Die Aufgaben forensisch-psychiatrisch Pflegender sind vielfältig, unterscheiden sich z. B. in ihren Schwerpunkten je nach therapeutischem Auftrag und den Anforderungen einer Aufnahme- Therapie- oder Krisenstation. Übergeordnet spiegelt sich bei aller Vielfältigkeit der pflegerischen Rolle(n) im Maßregelvollzug grundsätzlich aber der gesetzliche Auftrag zur Besserung und Sicherung in der alltäglichen Arbeitspraxis wider. Unabhängig vom Setting können als Schwerpunkte der Besserung die Gestaltung und Nutzung des therapeutischen Milieus sowie der Aufbau tragfähiger Beziehungen nach den Kriterien der Bezugspflege im Rahmen des Pflegeprozesses verstanden werden. So ist es vor allem Aufgabe der Pflegenden im Rahmen ihrer „24/7“-Tätigkeit unter Berücksichtigung von Erkrankung, Gefährlichkeit, individueller Probleme und Ressourcen der Patienten ein Klima zu schaffen, indem diese sich auf den Behandlungsprozess im Zwangskontext des Maßregelvollzugs einlassen können. Vorrangiges Ziel ist die Schaffung und Aufrechterhaltung von Motivation als Voraussetzung zu Verhaltensveränderung.
Das von den Pflegenden aktiv gestaltete Stationsmilieu bietet für die Patienten die Möglichkeit eine feste Tagesstruktur als Orientierung und Unterstützung für eine sinnvolle Tages- und Freizeitgestaltung zu nutzen. Es stellt ein Lernfeld mit zentraler Bedeutung für die untergebrachten Menschen dar, um sozial anerkannte Werte und Normen kennenzulernen, zu verinnerlichen und zu leben. Durch Begleitung und Unterstützung der Patienten erhalten Pflegende unmittelbare Einblicke in Therapieverlauf und Krankheitsbewältigung im alltäglichen Handeln.
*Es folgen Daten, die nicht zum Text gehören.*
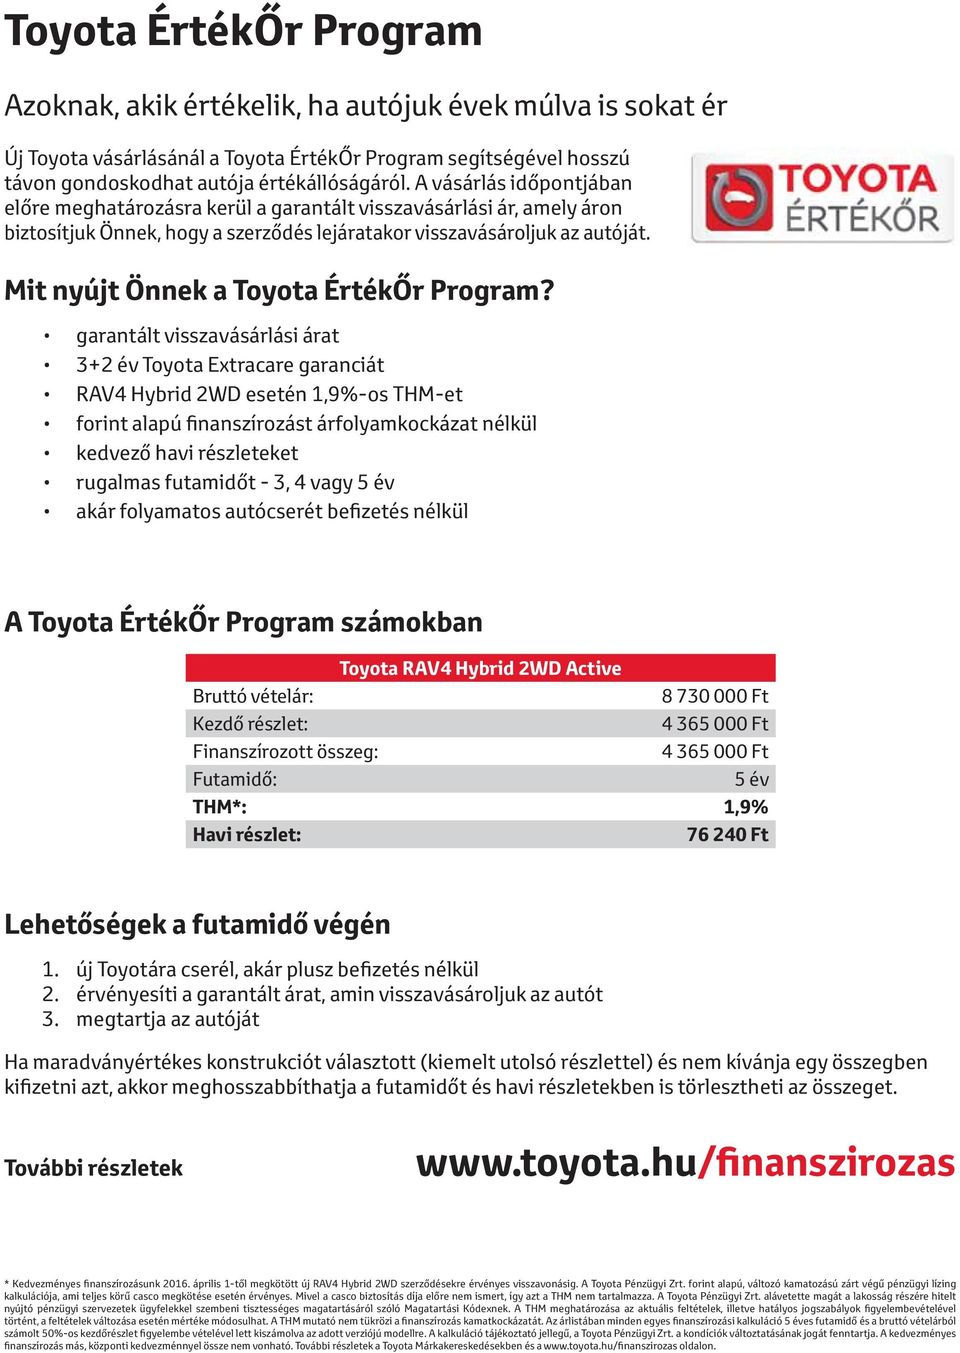 Mit nyújt Önnek a Toyota ÉrtékŐr Program?
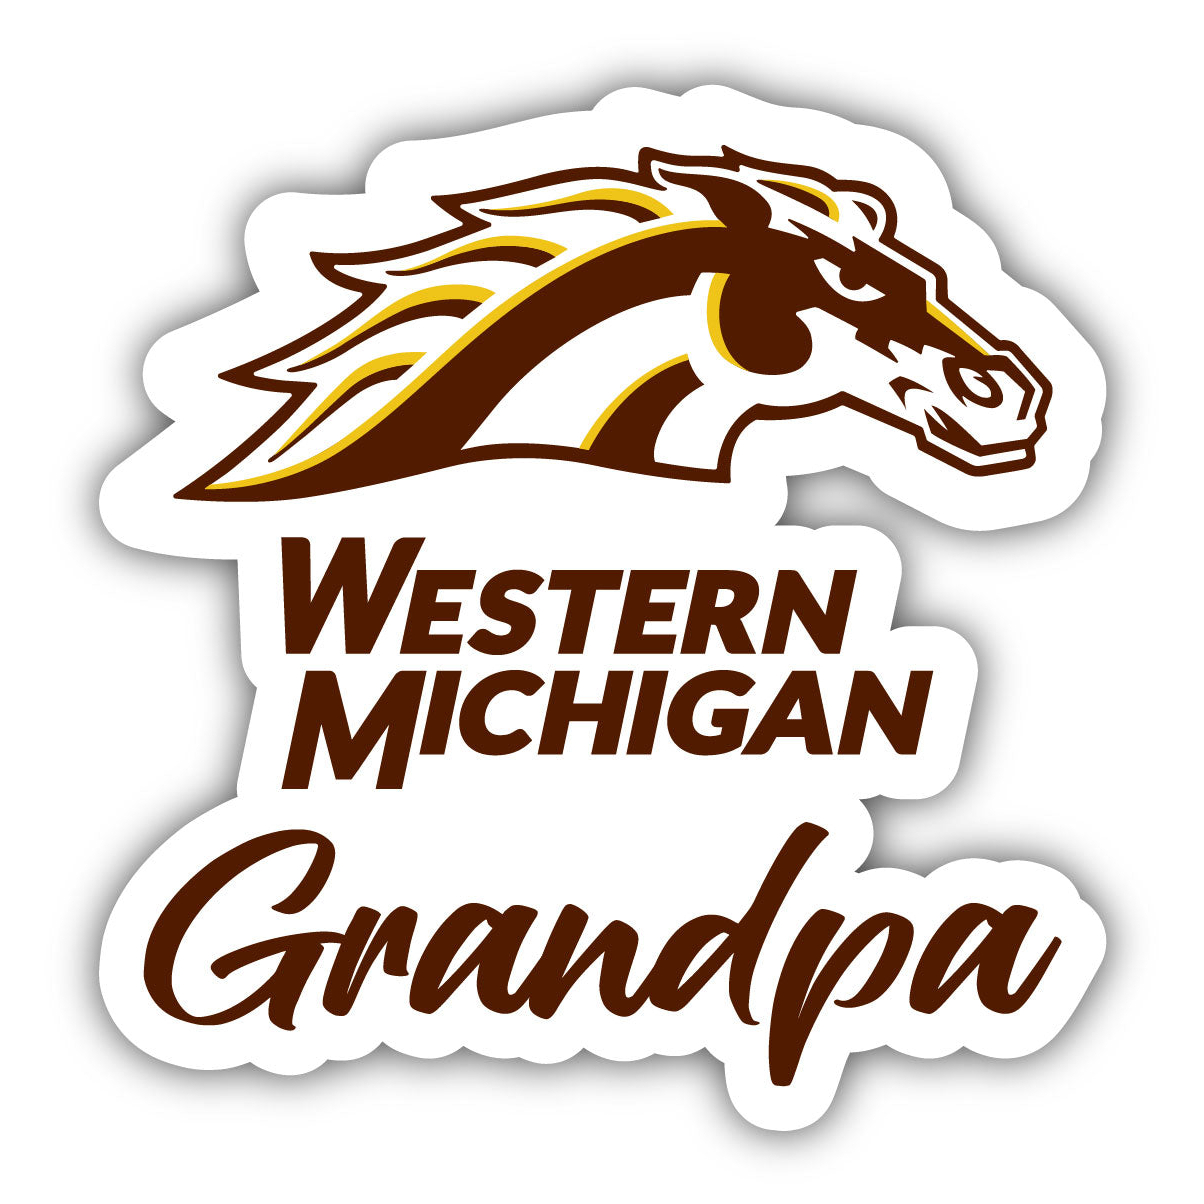 Western Michigan University 4 Inch Proud Grandpa Die Cut Decal - Grandpa

Der Alltag dient somit als therapeutisches Mittel: Er bietet Reflexions- und Übungsrahmen für die Auseinandersetzung der Patienten mit sich selbst und dem eigenen Krankheitsbild, dient dazu Zusammenhänge zwischen Erkrankung und delinquentem Verhalten zu erkennen sowie Maßnahmen zur Rückfallprophylaxe im geschützten Rahmen zu trainieren.
Sicherheit gewährleisten Pflegende, indem sie Gefährdungspotentiale erkennen und verhindern. Dazu dienen, neben einer qualitätsvollen Beziehungsgestaltung und reflektierten Arbeitsweise, auch die regelmäßigen Kontrollen und Sicherheitsmaßnahmen, wie Drogenscreenings, Atemalkoholkontrollen und Zimmerkontrollen, die von den Pflegenden im Stationsalltag durchgeführt und überwacht werden.
Forensisch-psychiatrische Pflege stellt hohe Anforderungen an die persönlichen und fachlichen Kompetenzen der Mitarbeiter. Die Pflegeentwicklung hat somit in der Forensischen Klinik einen hohen Stellenwert. Im Rahmen des Strategie-Konzeptes Pflege 3.0 wurden daher 2018 eigens neue Stellen (Pflegeexperte/Pflegefachverantwortliche) auf Klinik- und Stationsebene geschaffen. Derzeitige und zukünftige Fachentwicklungsprojekte, z. B. die Evaluation der Bezugspflege oder die Implementierung komplexer, patientenorientierter Interventionen, wie Adherence-Therapie oder Recovery, erfahren so eine zentrale Steuerung mit klaren Verantwortlichkeiten. Ziel ist die Gewährleitung von Sicherheit und Qualität durch die Schaffung eines nachhaltigen Theorie-Praxis-Transfers wissenschaftlicher Erkenntnisse in die Versorgungspraxis.